Kevin Carson on the Constitutional loopholes of the immoral drug war.
23 Apr 09 | C4SS
If it had been dreamed up by Satan himself in the bowels of Hell, the War on Drugs couldn’t be more diabolically calculated to destroy our liberties and promote the cause of evil in the world.
In the Netherlands, where marijuana is (de facto) legal, and most hard drugs are virtually decriminalized and available to addicts by prescription, the rates of drug use are actually lower than in the United States.
That means we’ve militarized and corrupted our police forces, turned the Bill of Rights into toilet paper, and handed the country over to gangs (including gangs in police uniforms)—all for absolutely nothing.
Radley Balko regularly reports on the gross abuses—or standard practices, rather—of SWAT teams. Urban police forces, using military surplus equipment and given military training, increasingly see the local population as an occupied enemy to be terrified into docility.
The Fourth, Fifth and Sixth Amendments are so riddled with loopholes, after thirty-odd years of helpful “interpretation” by a compliant judiciary, as to be absolutely meaningless. Your “reasonable expectation of privacy” doesn’t extend to uniformed trespassers snooping in a woodlot or pasture, or any other acreage beyond your actual home and the yard immediately surrounding—even if you have “No Trespassing” signs posted. It doesn’t extend to helicopters over your home, or snooping your home itself with infrared heat sensors. It doesn’t extend to your car on the road—no need for a warrant or probable cause at a “random checkpoint.”
The prohibition against depriving you of your property without “due process of law” doesn’t count against “civil forfeiture.” The government can steal everything you own without ever formally pressing charges or convincing a jury, all on the bare allegation that you were engaged in drug crime. See, the Fifth Amendment doesn’t apply because the government’s not acting against you—in lawyerese, it’s an action “in rem” against the property itself, so there’s no need to give you any due process protections.
Criminalizing consensual behavior necessarily leads to a police state. In a non-consensual crime, involving aggression against person or property, there’s no need for the surveillance state because the injured party will complain to “the authorities.” But when a “crime” consists entirely of voluntary trade between two non-violent parties, there’s no injured party to complain. The only way to stop such “crime,” therefore, is for the state to keep the citizenry under total surveillance.
As for gangs, when you prohibit the sale of any commodity people want to buy, a lucrative black market in that commodity will inevitably spring up—followed by organized crime fighting to control the black market. That’s how Al Capone made his living back during Prohibition, and how organized crime got its start in this country.
Organized crime lords are by far the leading supporters of drug criminalization. It’s quite likely that the campaigns of the most hardcore drug warrior politicians are financed, to a large extent, by laundered drug cartel money. In the American Bible Belt, it’s known as the “Baptists and Bootleggers” phenomenon. In Mississippi, when a county’s “dry” status periodically came up for a vote, according to Willie Morris, the most prominent displayers of “Vote Dry” bumper stickers were bootleggers. “A handful of people would come right out and say that liquor should be made legal, so that the bootleggers and the sheriffs would not be able to make all the money….”
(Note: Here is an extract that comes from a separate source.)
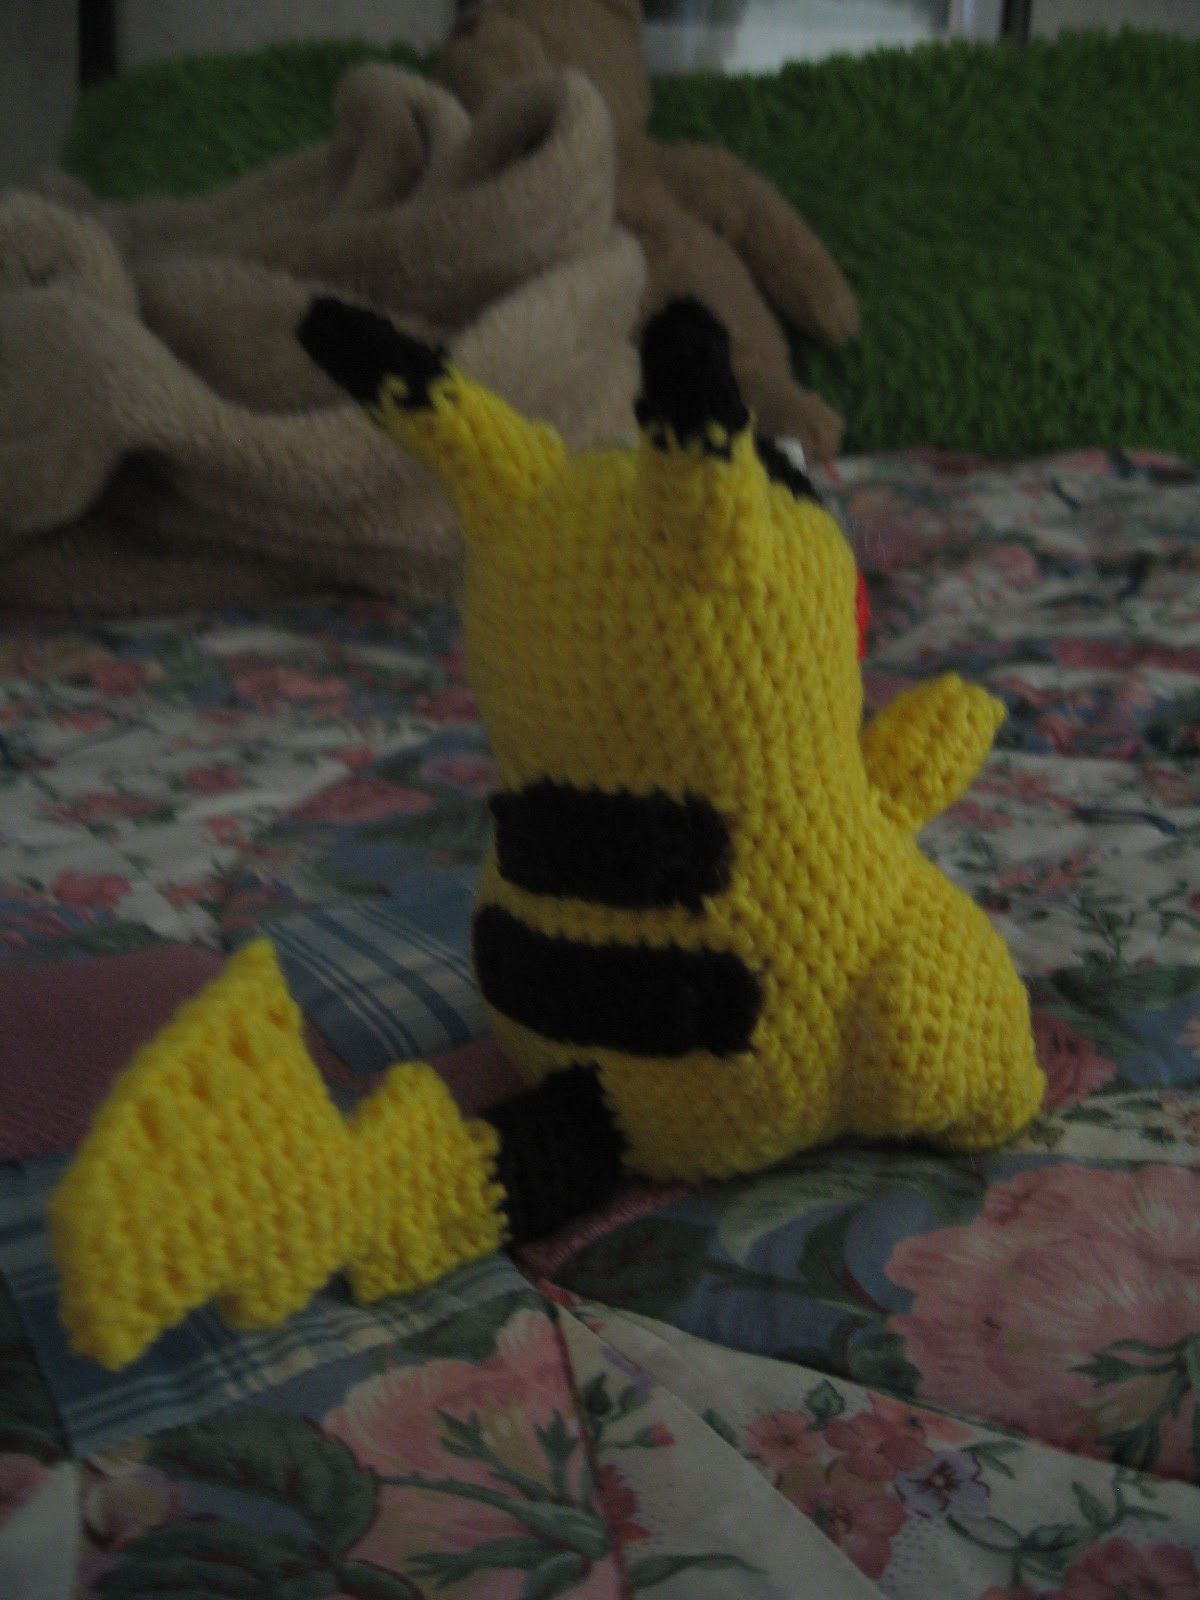 Pokemon Crochet Adventure!: Pikachu 2/151

And as that last quote suggests, police forces are the biggest gangs of all. Paying protection money to local police for the right to operate on their turf is just another cost of doing business in the drug trade. But the police gang activity doesn’t stop with protection money and collusion. Even when drug traders are prosecuted, police motivation is frequently identical to that of their non-uniformed gangster cousins. Never mind outright, unambiguous illegality like planting evidence (even though it’s hardly uncommon). Just consider the legal gray areas, like coerced testimony from jailhouse snitches, the use of plea bargain blackmail, entrapment, etc., all of them frequently used in conjunction with civil forfeiture when the cops covet some particularly valuable item of yours for funding the civil forfeiture gravy train and buying themselves a new helicopter or other expensive cop toys.
But so far, we’ve only seen one side of the problem—the domestic side.
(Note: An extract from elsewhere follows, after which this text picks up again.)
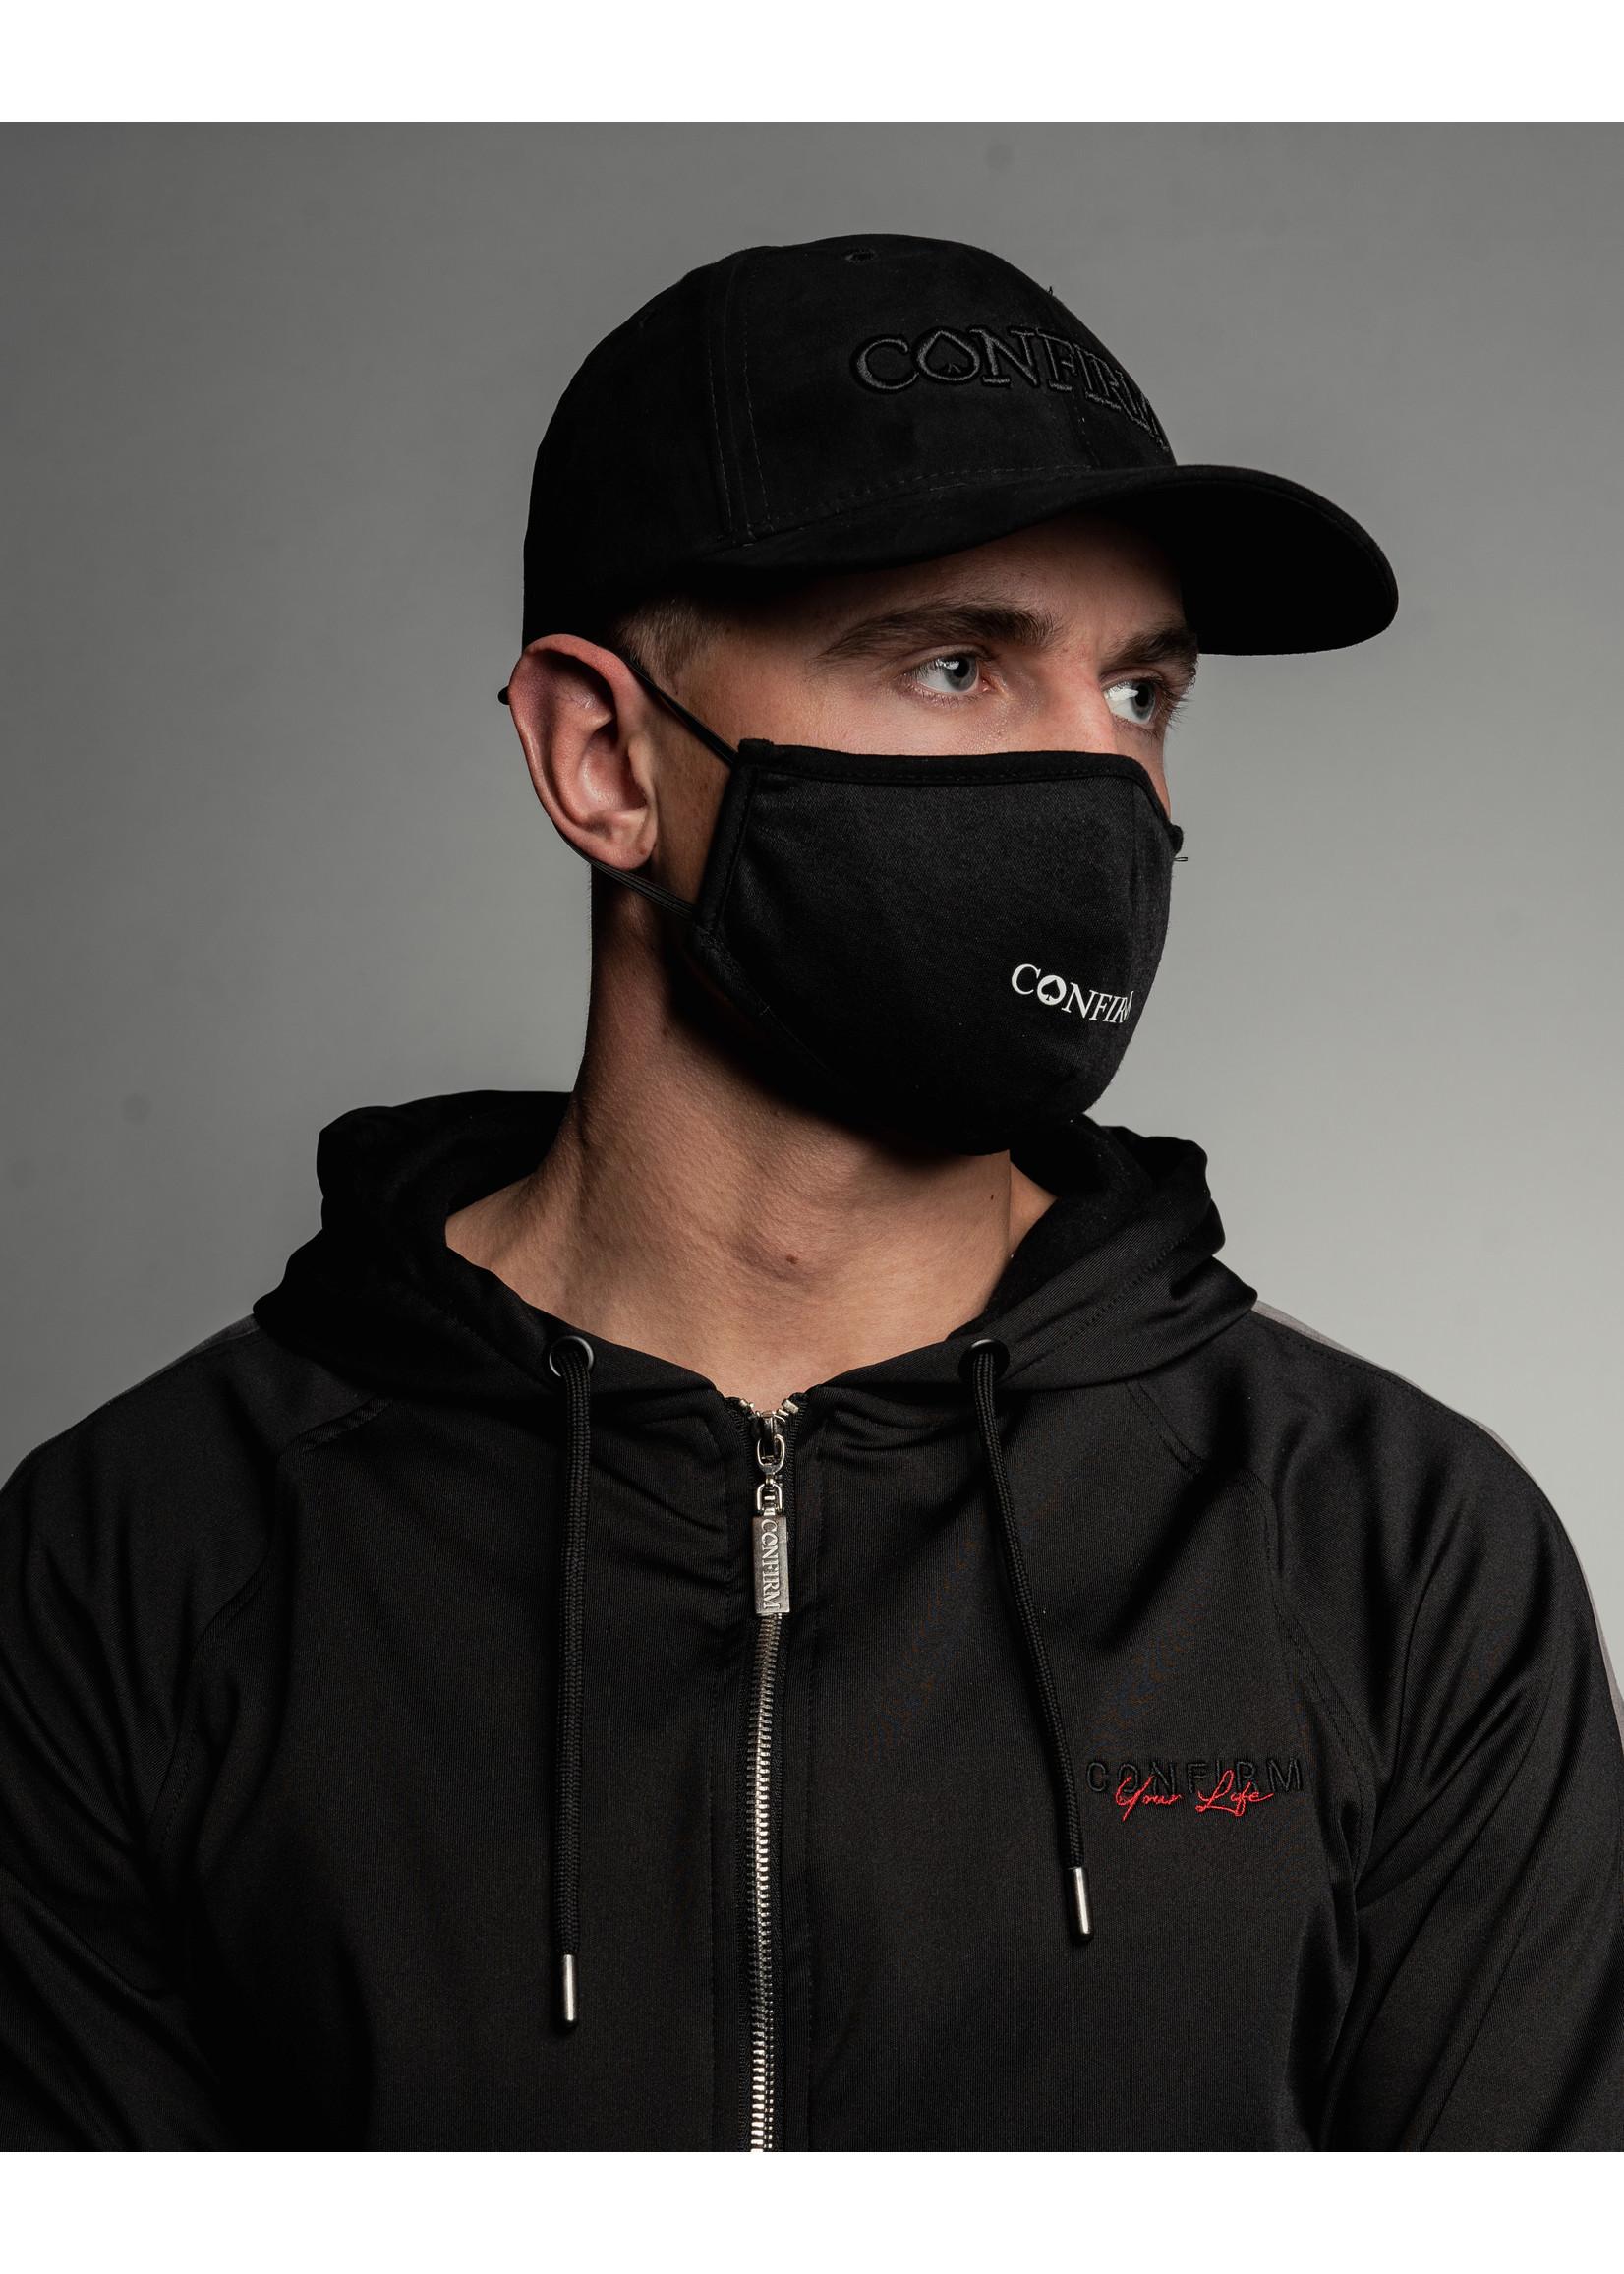 Confirm mask - black/white

Outside the United States, the black market price of drugs is an enormously valuable tool for the organized criminals in the CIA and the rest of the “national security” community, for whom drug running is a primary source of funds for illegally funding death squads and other “black operations” around the world, independently of Congressional oversight or appropriations.
The main beneficiaries of drug prohibition are the criminal gangs that control the drug trade. And of the criminal gangs that benefit from drug prohibition, the criminal gangs in uniform are the biggest beneficiaries of all.
C4SS Research Associate Kevin Carson is a contemporary mutualist author and individualist anarchist whose written work includes Studies in Mutualist Political Economy and Organization Theory: An Individualist Anarchist Perspective, both of which are freely available online. Carson has also written for a variety of internet-based journals and blogs, including Just Things, The Art of the Possible, the P2P Foundation and his own Mutualist Blog.